In the 5th floor courtroom Tuesday morning after Hayes said “yes” and made the specific objection, Senior Judge A. Raymond Randolph simply asked, “Where is the objection in your record?”

“It depends on which set of emails we’re talking about,” he replied.

It depends what the definition of emails is?

“So, you didn’t make a specific objection that these are not trustworthy?” Randolph persisted.

“No, your honor, I can’t say specifically that we did,” he conceded.

Only moments earlier, of course, Hayes specifically said that he did.

Judge Janice Rogers Brown and Judge Sri Srinivasan, a possible Supreme Court nominee if Hillary Clinton wins, also seemed highly skeptical of Hayes.

All this could spell trouble for President Phil Griffin. If a new trial is granted he would be questioned under oath about his 2014 deposition testimony that one of the foremost civil procedure experts in the country has said likely constitutes perjury.

At the May 2015 trial, Griffin was not called to the stand. Instead, right after Michael Queen’s lawyer tricked Schultz into bragging that he did not ask a question at the conference, video of Griffin’s claim to the contrary was played for the jury.

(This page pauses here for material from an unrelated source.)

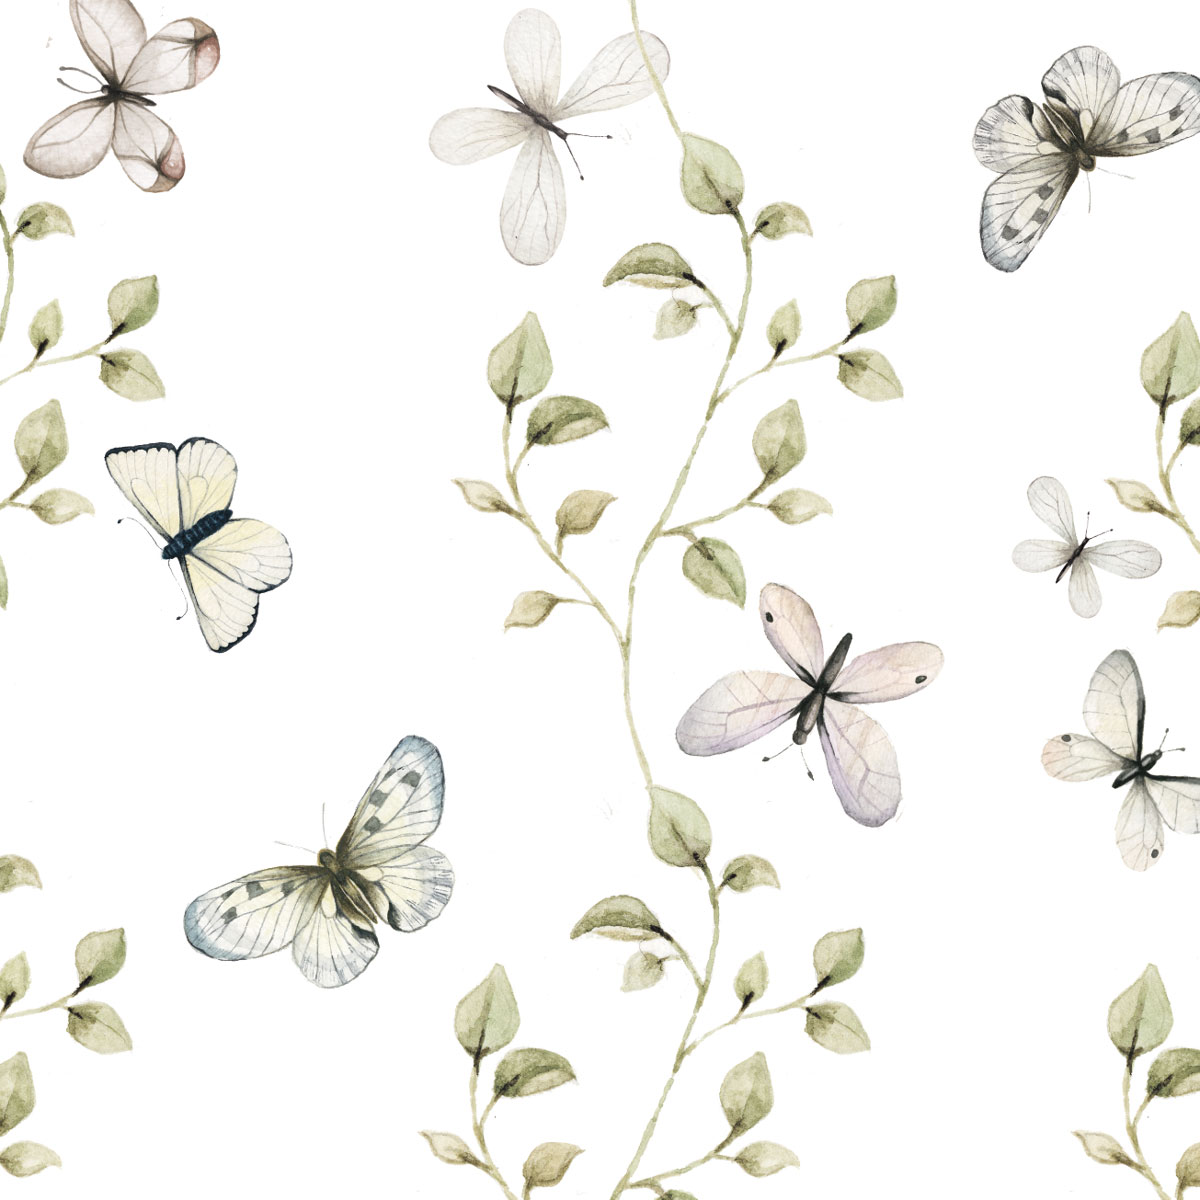 Butterflies Having Fun Wallpaper.com Wallstickers And Wallpaper Online Store

Schultz won the trial. But quickly lost his show.

After the Tuesday morning hearing, this reporter tried to hand Hayes an actual personal check for $50 dollars made out to the super PAC that Ed Schultz ran out of a UPS store following his exit from MSNBC. That amount was precisely double Schultz’s total haul before he decamped for an even more prestigious gig working for Vladimir Putin’s television station.

But Hayes, who could easily star in  “Dumb and Dumber, Part 2” with co-counsel Jeffrey Landa, wouldn’t take it.

It is anybody’s guess when the Court is going to issue its decision.

The usual suspects, of course, did not attend the hearing.

But, curiously, neither Washington Examiner media reporter Eddie Scarry, who wrote about the case twice last year.